Key documents on Dublin/Monaghan bombings must be disclosed following landmark legal action

A memorial to those who died in the Dublin and Monaghan bombings stands in Dublin city centre. Picture by Niall Carson, Press Association

VICTIMS of the worst single atrocity of the Troubles have secured an order for disclosure of documents in a major legal action over alleged British Government collusion with the loyalist killers.

Survivors and relatives of those who died in the 1974 Dublin and Monaghan bombings were at the High Court in Belfast yesterday for a preliminary hearing in their lawsuits.

The Ministry of Defence and PSNI must now provide a list of all relevant documents in their possession within 12 weeks of an amended claim being lodged.

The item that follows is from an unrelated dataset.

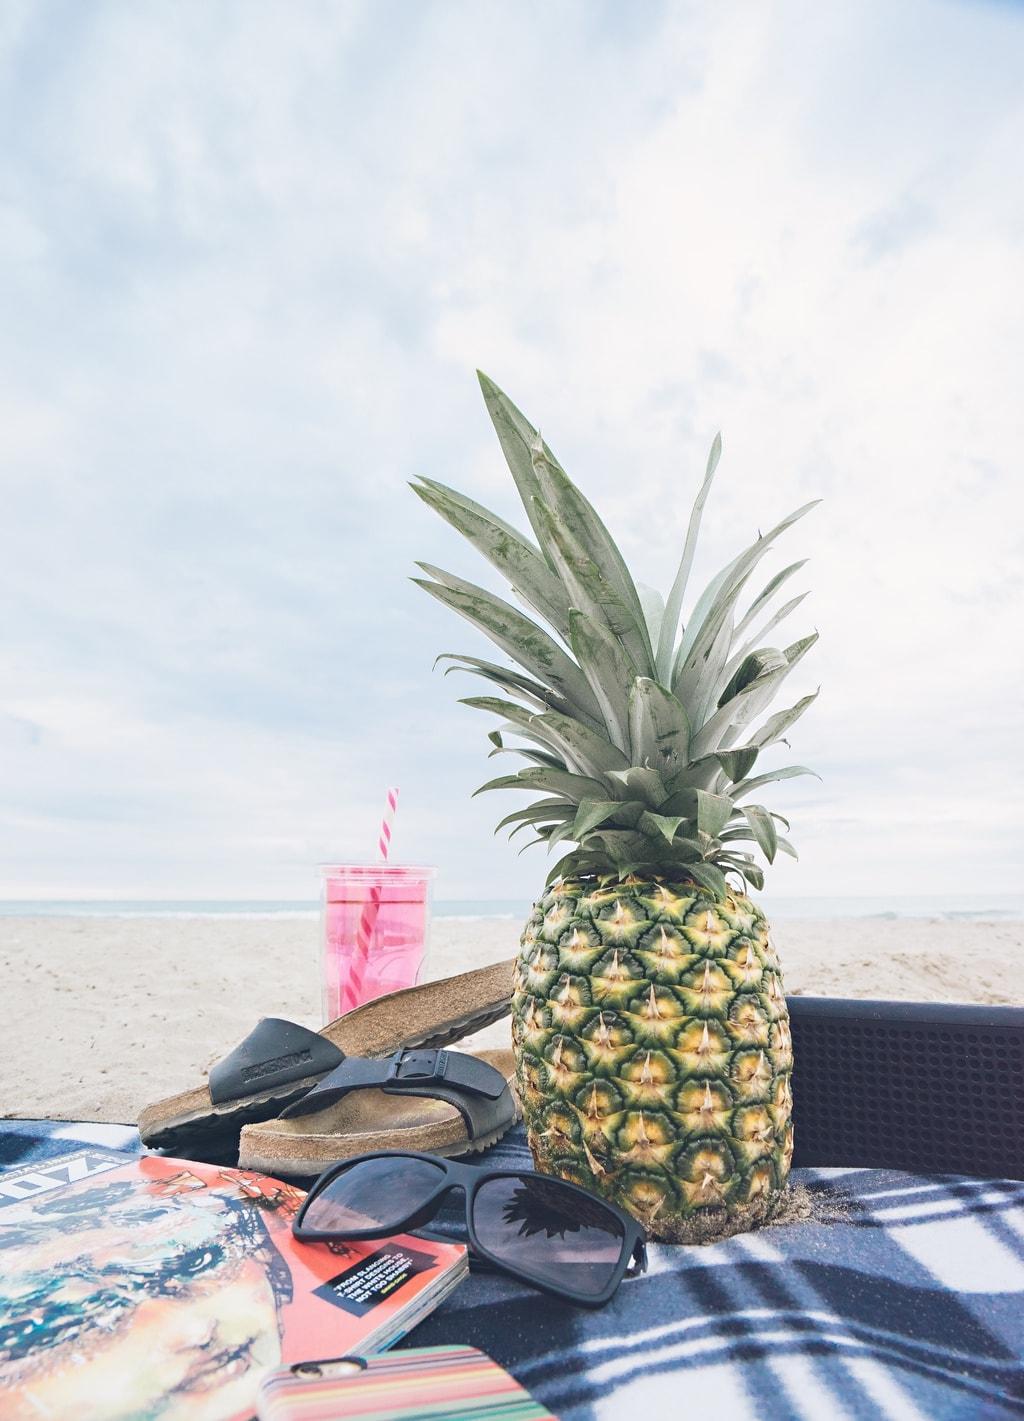 Pineapple on the beach: Summer fun

Making the ruling on discovery, Master McCorry said the plaintiffs' attendance was an indication of the importance of the case.

Thirty-three people, including a pregnant woman, were killed and almost 300 others injured in the no-warning explosions during evening rush hour.

No-one was ever charged with carrying out the attacks later claimed by the Ulster Volunteer Force.

Members of the paramilitary group's infamous Glenanne Gang operating in mid Ulster during the period were allegedly responsible.

Lawsuits were filed amid suspicions that the unit received help from the British security and intelligence services in Northern Ireland.

Writs have been issued against the Chief Constable, the Ministry of Defence and government representatives, alleging collusion in the bombings.

Separate legal applications are expected to be mounted on behalf of defendants to have parts of the claim struck out.

Outside court, solicitor Kevin Winters of KRW Law, representing the victims and survivors involved in the litigation, welcomed the discovery order.

"It's a significant breakthrough for the families of the Dublin and Monaghan bombings who have been waiting for nearly 45 years," he said.